[Paper Notes] Google Borg (Predecessor of Kubernetes)

26 May, 2025

EuroSys'15, by Google

Cluster management, inspiring K8S

further reading: Borg, Omega, and Kubernetes: Lessons learned from three container-management systems over a decade

TL; DR: cluster management for developer/admin, aimed for reliability/availability, efficiency, simplicity.

Components

job: user submission unit, consists of one or more tasks.

Jobs have constraints on machines with particular attributes (e.g., CPU, OS).
priority: represents the priority of scheduling, higher one can preempt the lower one.

task: a set of Linux processes running in a container on a machine.

cell: a set of machines as a cluster unit to run jobs. Median cell size is 10k.

workload: 1) long-running services: latency sensitive, e.g., Gmail, Google Docs, web search. 2) batch job: best-effect.

Architecture

Borgmaster

Each cell has a logically centralized controller Borgmaster. Each Borgmaster consists of two processes: the main Borgmaster process and a separate scheduler:

main Borgmaster: handles client RPCs; manages state machines; communicates with Borglet; etc. Each main Borgmaster has five replications with Paxos-based store on each replica's local disk.
scheduler: scans the pending queue asynchronously where jobs are added by Borgmaster; assigns tasks to machines.

Scheduling Algorithm

The scheduler will asign tasks in jobs to machines based on the scheduling algorithm, which has two parts: feasibility checking an scoring:

feasibility checking: finds a set of machines that 1) meet the task's constraints, and 2) have enough avaiable space;
scoring: hybrid methods of E-PVM and "best fit". E-PVM ends up spreading load across machines, while best fit tries to fill machines as tightly as possible.

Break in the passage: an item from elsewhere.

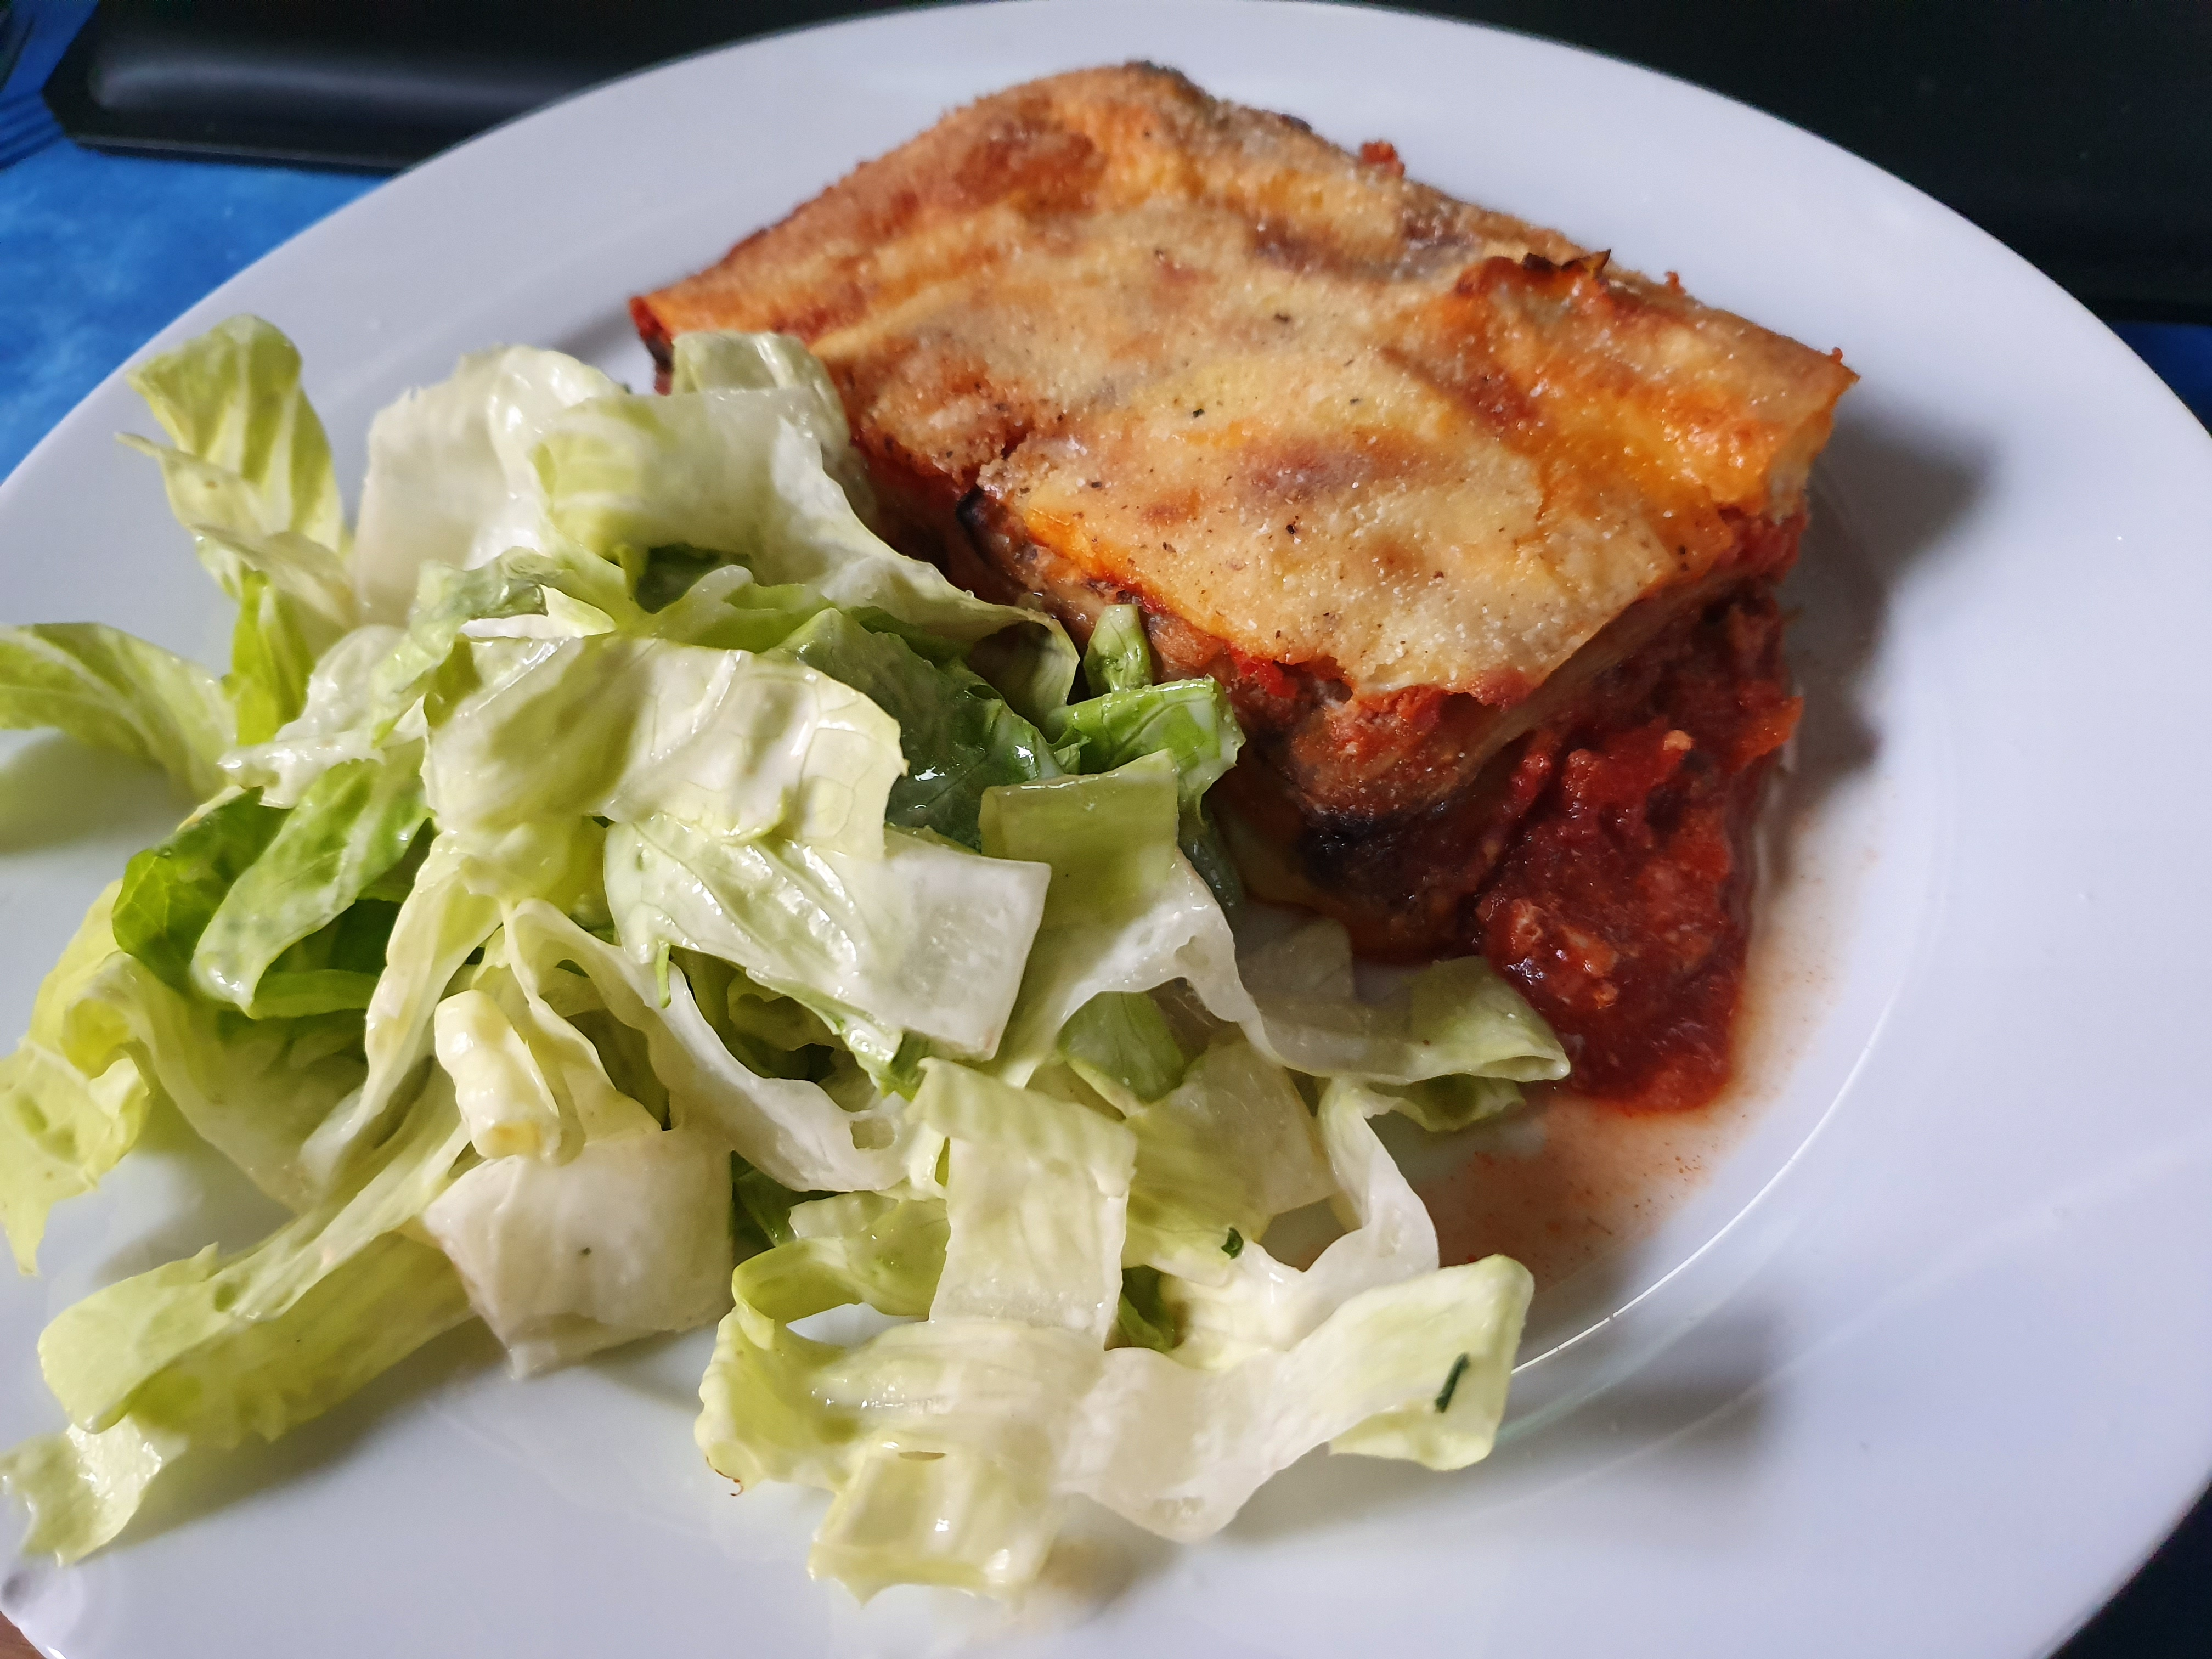 Melanzane alla Parmigiana (Baked Aubergine with Cheese & Tomato)

Performance metrics: task startup latency (the time from job submission to a task running), median is 25s. Package installation takes 80% time. Some optimizations: 1) assign tasks to machines that already have the necessary packages, 2) distributes packages to machines in parallel.

Borglet

The Borglet is a local Borg agent that is present on every machine in a cell (a local controller compared with Borgmaster as global controller in the scope of a cell).

The Borglet can 1) start, stop, and restart (if fail) tasks; 2) manage local resources (e.g. OS kernel settings); 3) report the state of the machien to Borgmaster and other monitoring systems, etc.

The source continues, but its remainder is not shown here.